I am trying to forecast the sales for next 48 days from the data given by modelling for multiple seasonality and day of week , promotional effects. R could not come up with a suitable model. I need help to figure out what I am doing wrong.
Given data has daily sales information of a store for 2 years and 7 months along with other information like holidays, promotion, week of year etc as shown below. Sales is 0 when store is closed.
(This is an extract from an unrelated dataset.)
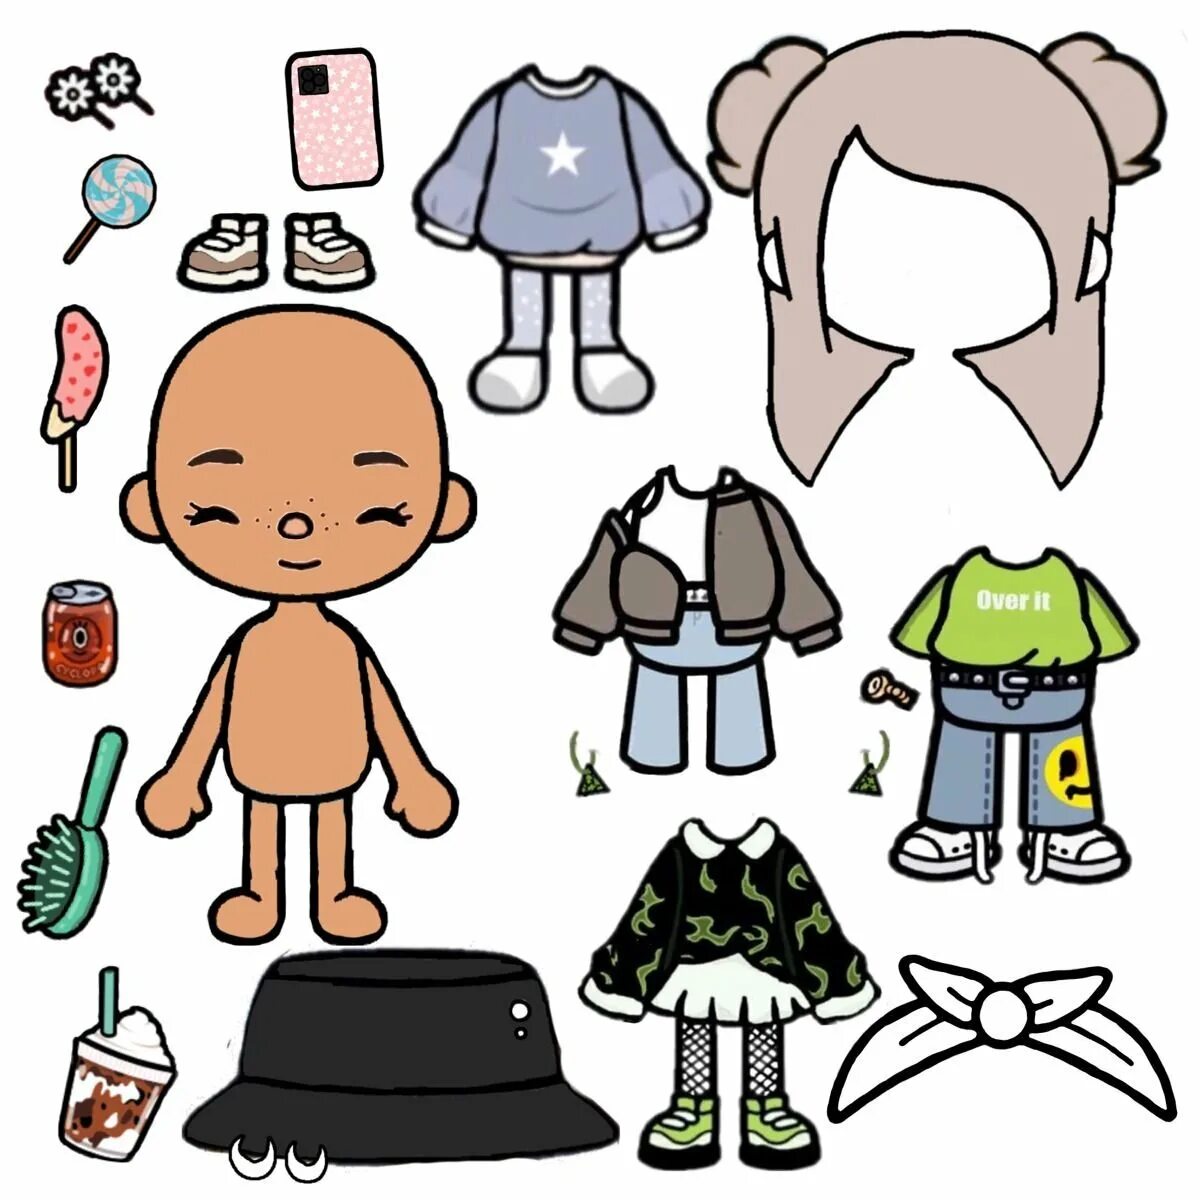 Toca boca из бумаги. Кукла toca boca. Бумажные человечки с одеждой. Персонаж для распечатки с одеждой. Человечки из бумаги с одеждой.

I have replaced 0 sales with NA's as mentioned in this post https://stats.stackexchange.com/q/347074/208891
As it can be seen from the below 2 screenshots, sales are highest during mondays and when promotion=1. sales hit the bottom on sundays when promo=0
I found that, the series shows both weekly and yearly seasonality using the results of tbats:
yearly <- ts(store_578[,6], frequency=365) fit_yearly <- tbats(yearly) seasonal <- !is.null(fit_yearly$seasonal) weekly <- ts(store_578[,6], frequency=7) fit_weekly <- tbats(weekly) seasonal <- !is.null(fit_weekly$seasonal)
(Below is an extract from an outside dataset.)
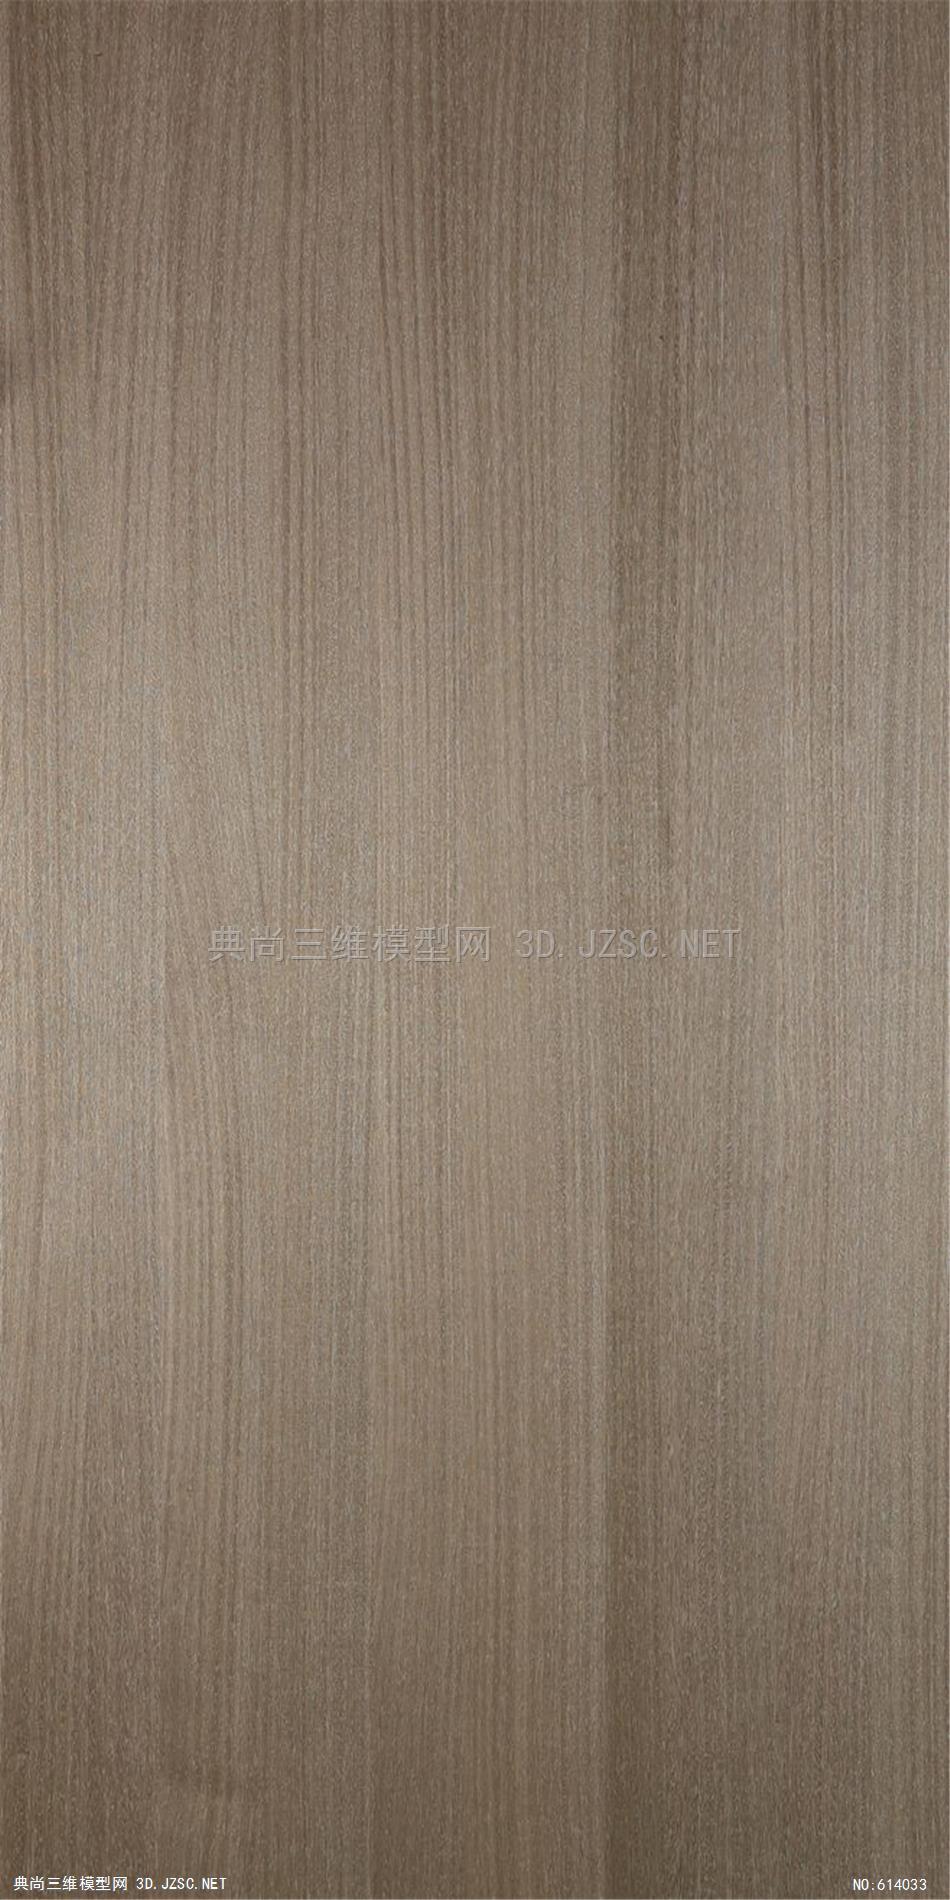 木饰面 木纹 木材  高清材质贴图 (221)

So, I created a multi seasonality time series
store_578_ts <- msts(store_578[,-1], seasonal.periods=c(7,365)) autoplot(store_578_ts[,5])
The resulting plot:
I built a dynamic harmonic regression model with fourier terms for multiple seasonality. To model the day of week effects that I mentioned above, I created 6 dummy variables (day1,day2..day6) and included them along with promotion and foruier terms
dummy<-cbind(Day1=store_578_ts[,"day1"],Day2=store_578_ts[,"day2"],Day3=store_578_ts[,"day3"],Day4=store_578_ts[,"day4"] ,Day5=store_578_ts[,"day5"],Day6=store_578_ts[,"day6"],promo=store_578_ts[,"Promo"]) xreg <- cbind(fourier(store_578_ts[,"Sales"], K = c(1,3)),dummy) fit_578 <- auto.arima(store_578_ts[,"Sales"], xreg = xreg, lambda=0,seasonal = FALSE, stationary = TRUE) Error in auto.arima(store_578_ts[, "Sales"], xreg = xreg, seasonal = FALSE, : No suitable ARIMA model found
Am I missing something here? I really need some help with this.
Note:It is able to get me a model if I use only weekly seasonality, instead of multiple.